Armenia turns to India for military hardware as tensions with Azerbaijan escalate

Indian Rustom drone

An Armenian defence delegation visited India to explore the possibility of buying Indian-manufactured combat drones and other weapons as tensions with Azerbaijan and its close ally Turkey continue to mount.

According to Indian media, the delegation "came armed with a shopping list" when it met with Indian officials last month. Citing an unnamed official, it said that drones "figured prominently on the list."

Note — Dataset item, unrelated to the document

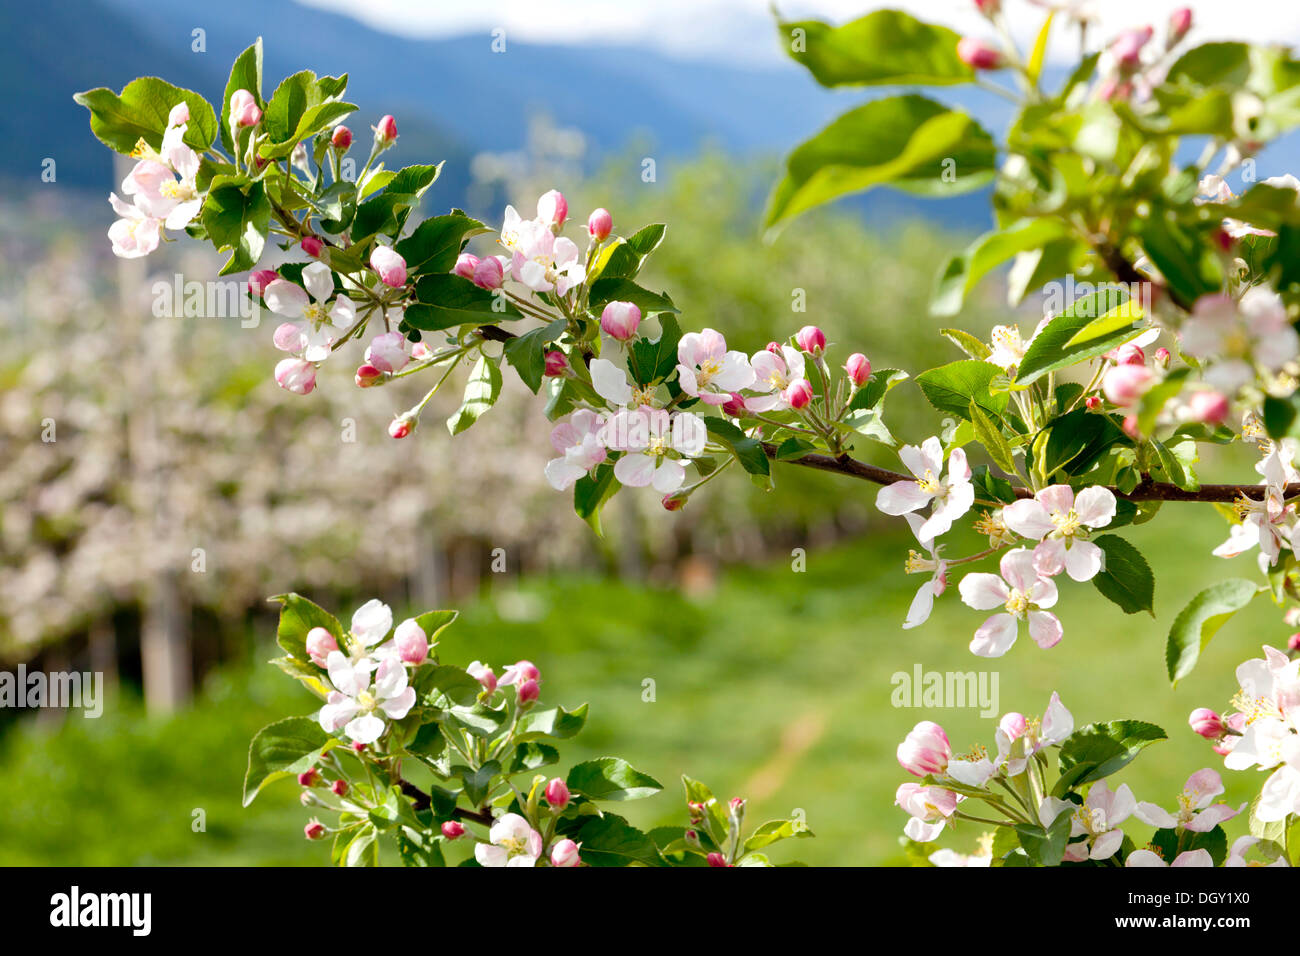 Apple blossoms in an apple tree orchard, bei Meran, South Tyrol province, Trentino-Alto Adige, Italy Stock Photo

The online publication gave no other details of the talks. Nor did it say if any agreements were reached by the two sides.

Armenia's Defence Ministry on Friday declined to comment on the reported visit of its representatives to India or its broader interest in Indian military hardware.

Visiting Yerevan earlier this month, a senior official from the Indian Ministry of External Affairs said India and Armenia are discussing "long-term" military cooperation as part of their efforts to deepen their ties.

The official, Sanjay Verma, spoke during a session of an Indian-Armenian intergovernmental commission on bilateral cooperation.

Foreign Minister Ararat Mirzoyan, who co-chaired the session with Verma, listed "defense and military-technical cooperation" among the areas that are "very promising for our countries."

Mirzoyan held talks with Indian Foreign Minister Subrahmanyam16 Jaishankar in April on the sidelines of an international conference held in India. It was their third face-to-face meeting in eight months. Jaishankar visited Armenia last October.

"India sees Armenia not only as a friend but a good counterweight to Turkey whose President Recep Tayyip Erdogan has been particularly belligerent on the Kashmir issue and followed a number of policies inimical to India," wrote DNA India.

It noted that India's arch-foe Pakistan is allied to Turkey and Azerbaijan.

Pakistan strongly supported Azerbaijan during the 2020 Armenian-Azerbaijani war over Nagorno-Karabakh.

By contrast, India has backed Karabakh peace efforts spearheaded by the United States, Russia and France.

It has backed Armenia in an Armenian-Azerbaijani border dispute that broke out in May 2021. In a statement issued at the time, the Indian foreign ministry called on Baku to "pull back forces immediately and cease any further provocation."

Turkish-made drones deployed by Azerbaijan are credited with playing a key role in Azerbaijan’s victory over Armenia in the 2020 war in and around Karabakh.

Armenia and India signed a wide-ranging memorandum of understanding earlier this year that envisages deeper cooperation in a number of fields, including trade and technology.

The memorandum did not include defence, but Armenian and Indian officials had previously said they were exploring “a long-term relationship” in military cooperation.

Armenian Foreign Minister Ararat Mirzoyan has met with his Indian counterpart, Subrahmanyam Jaishankar, several times in the past year. Jaishankar made a historic visit to Armenia last October, becoming the first Indian foreign minister ever to visit the country.

Armenia signed a $40 million contract with India about six months before the 2020 Karabakh war for Indian-made weapon locating radar systems, becoming the first country in the world to purchase the technology.

The past few years have seen a considerable expansion in cooperation between Armenia and India. The two countries back each other in their respective conflicts with Azerbaijan and Pakistan.